Work instruction
The copy should begin at the line containing "Rasio keuntungan Return" and end at the last line of the material. Please reproduce those lines exactly and keep pictures out.

Dataset section
◇ ◇ ◇

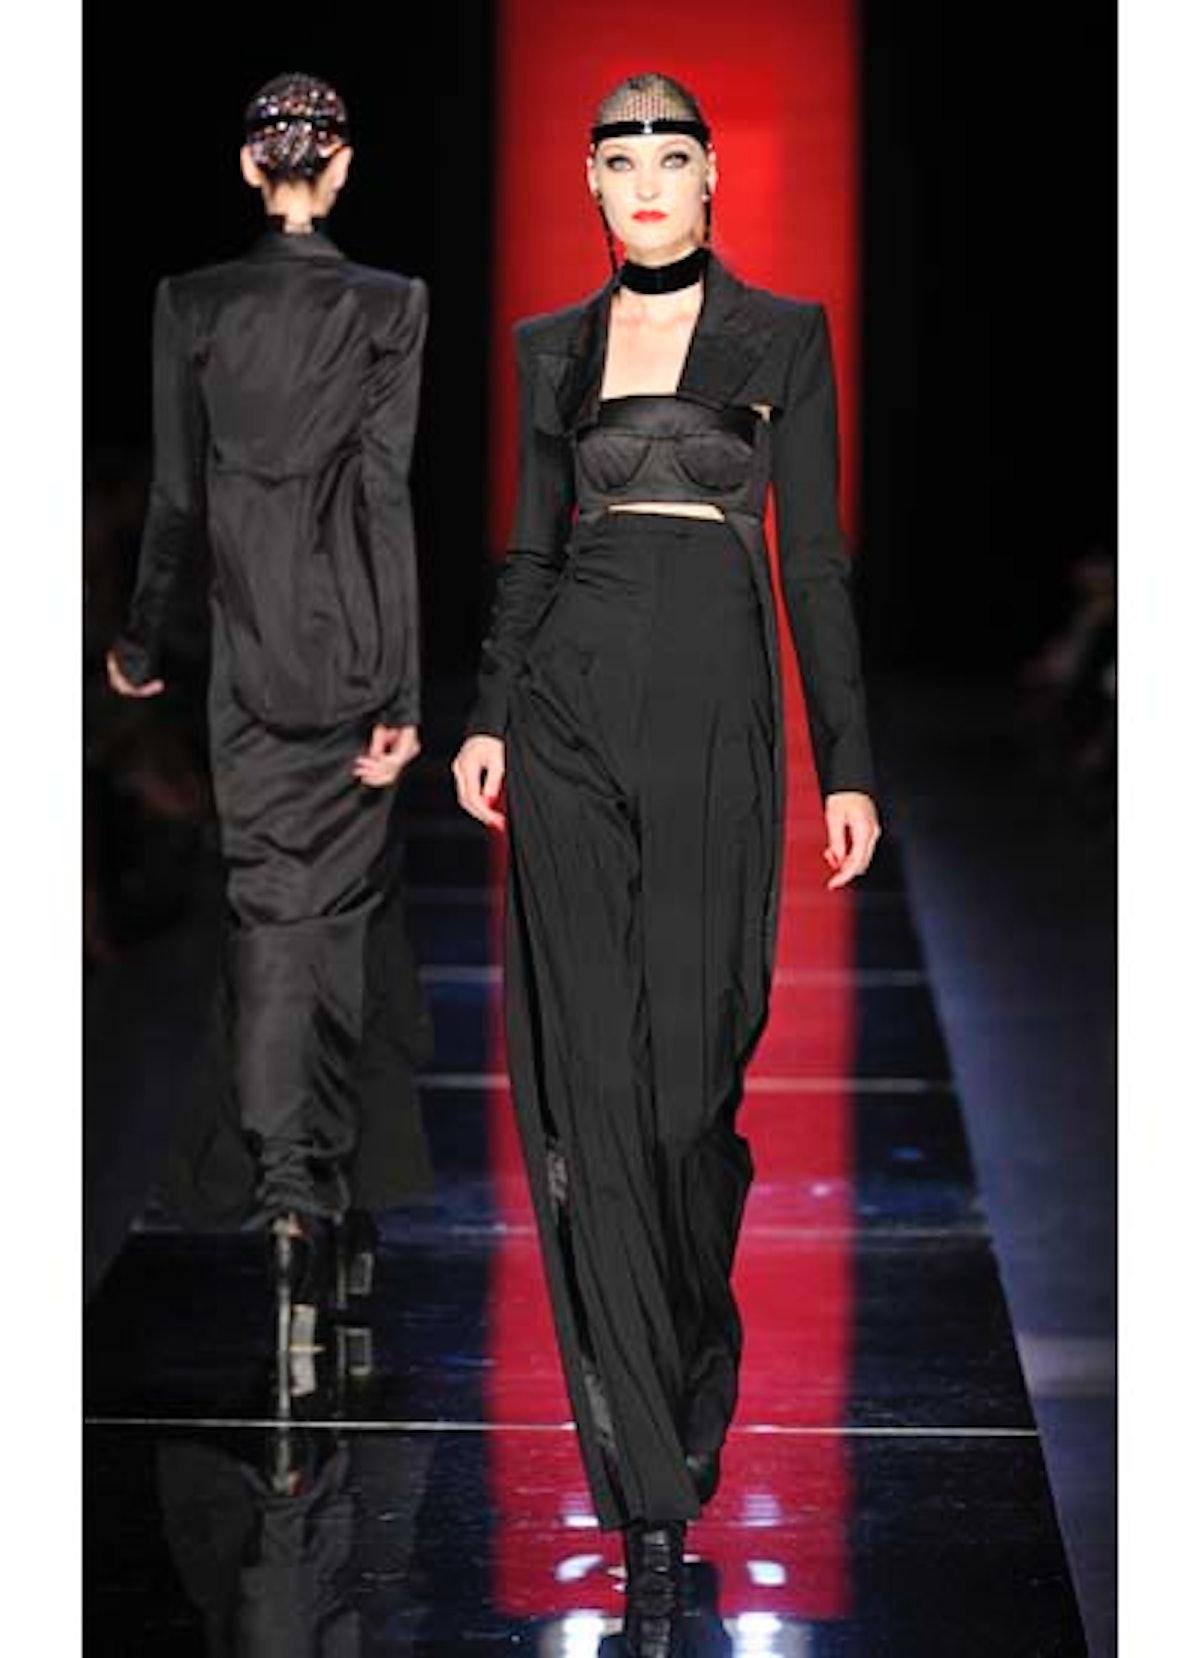 fass-jean-paul-gaultier-couture-2012-runway-08-v.jpg
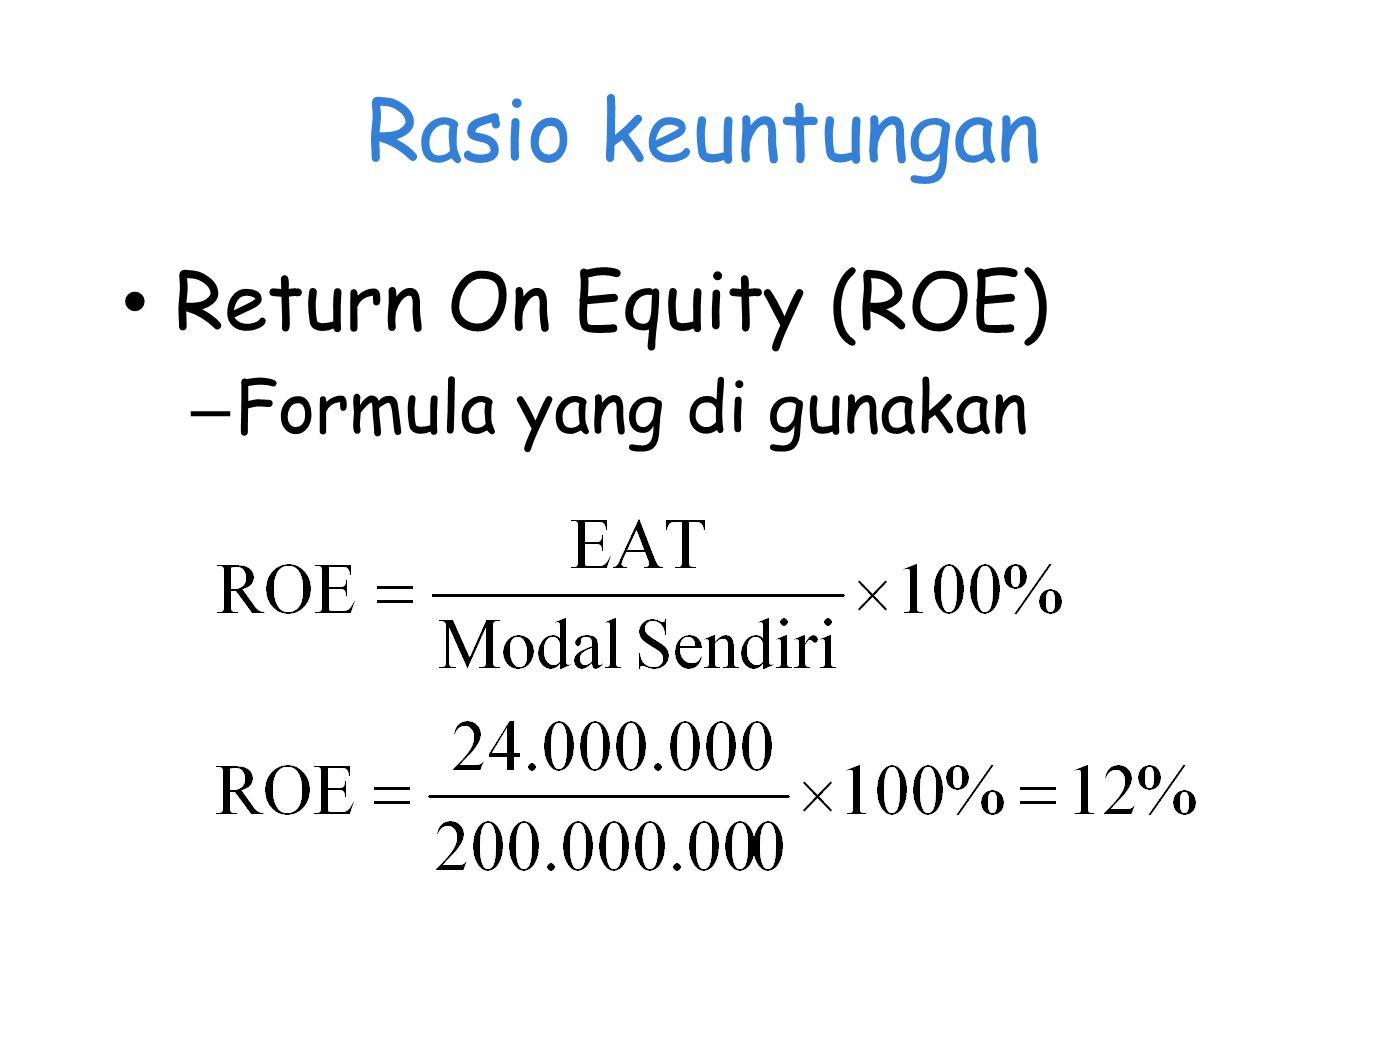 Rasio keuntungan Return On Equity (ROE) – Formula yang di gunakan
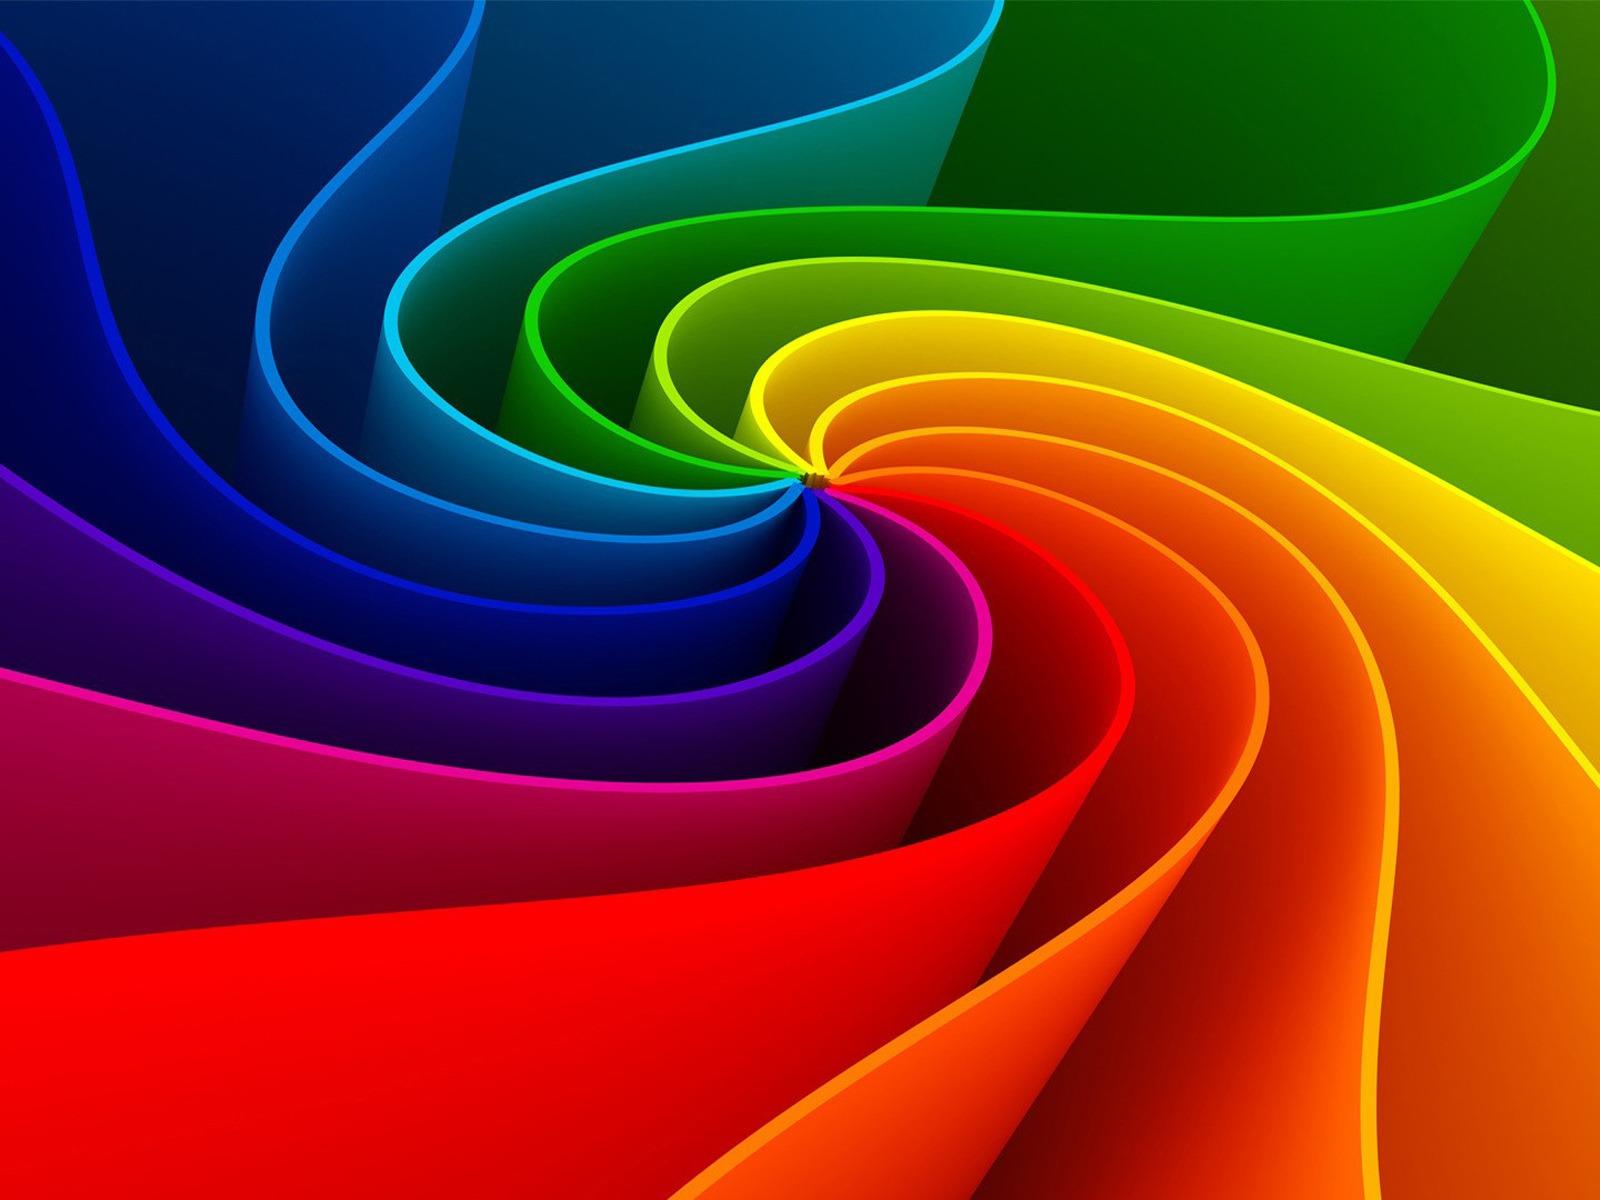 3D Rainbow Wallpaper Live HD Wallpaper HQ Pictures Images Photos 1600x1200
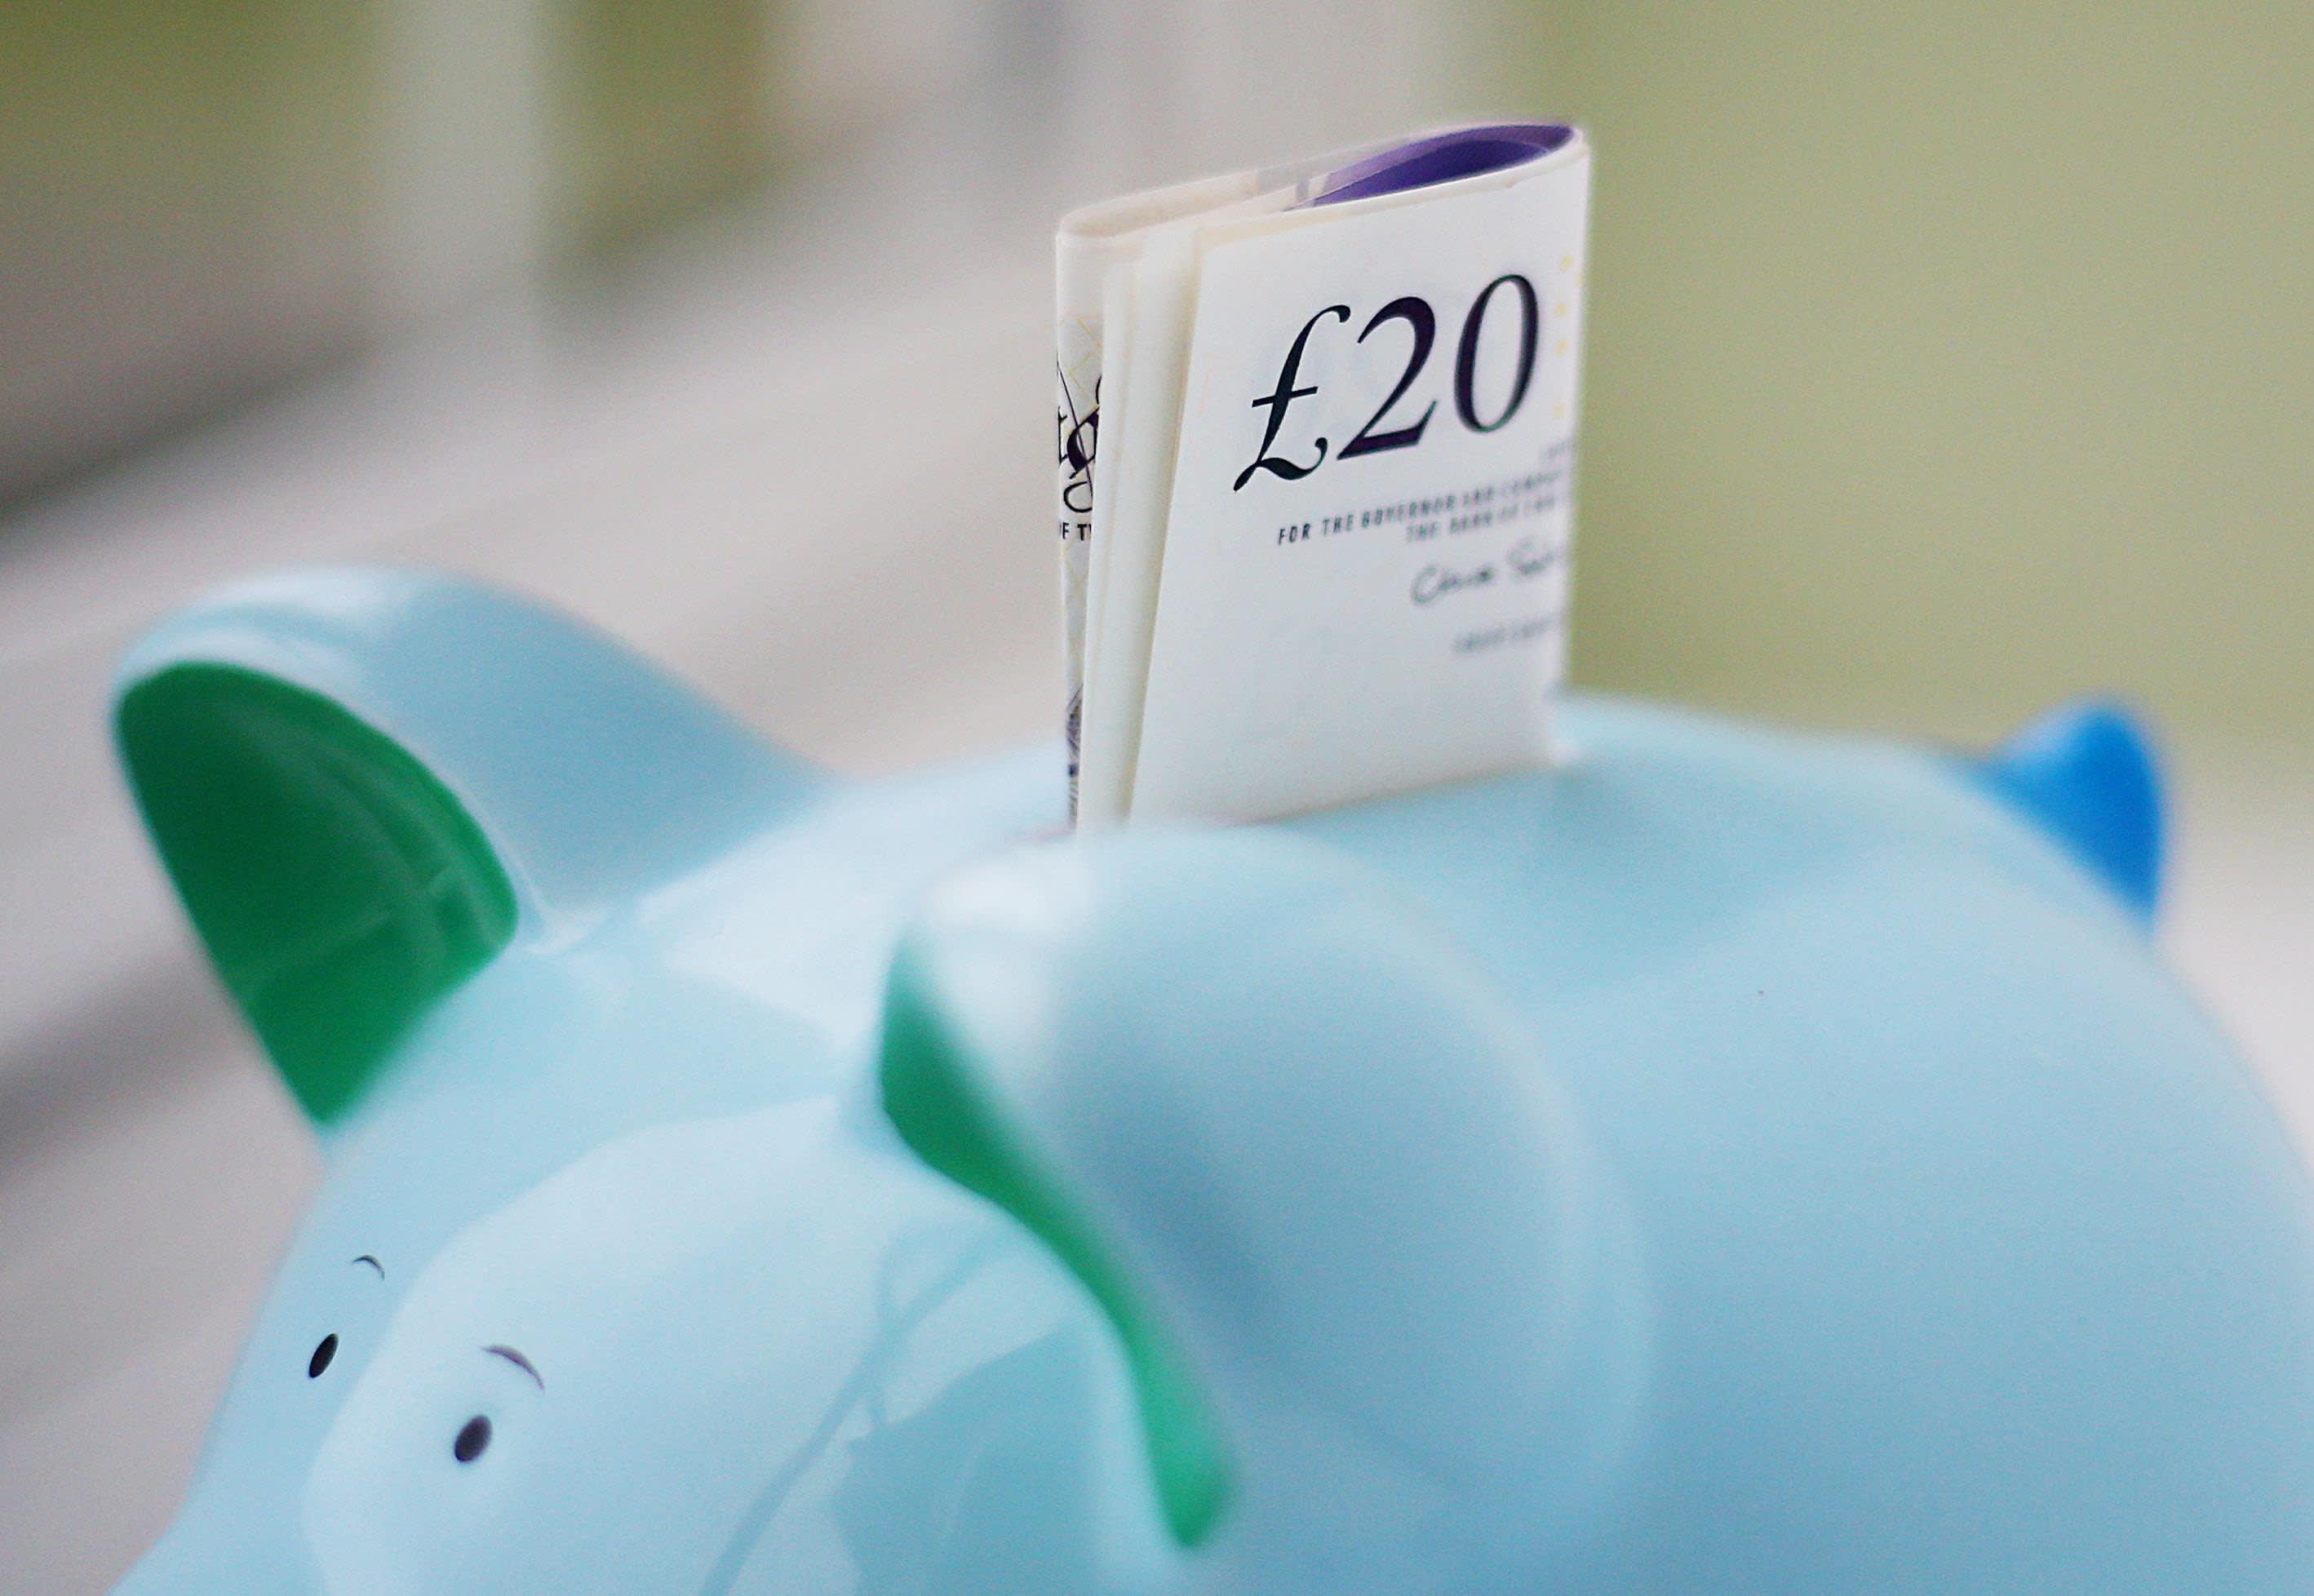 Regulator warns on using alternative funds for DC schemes

◇ ◇ ◇

Output below
 Rasio keuntungan Return On Equity (ROE) – Formula yang di gunakan
 3D Rainbow Wallpaper Live HD Wallpaper HQ Pictures Images Photos 1600x1200
 Regulator warns on using alternative funds for DC schemes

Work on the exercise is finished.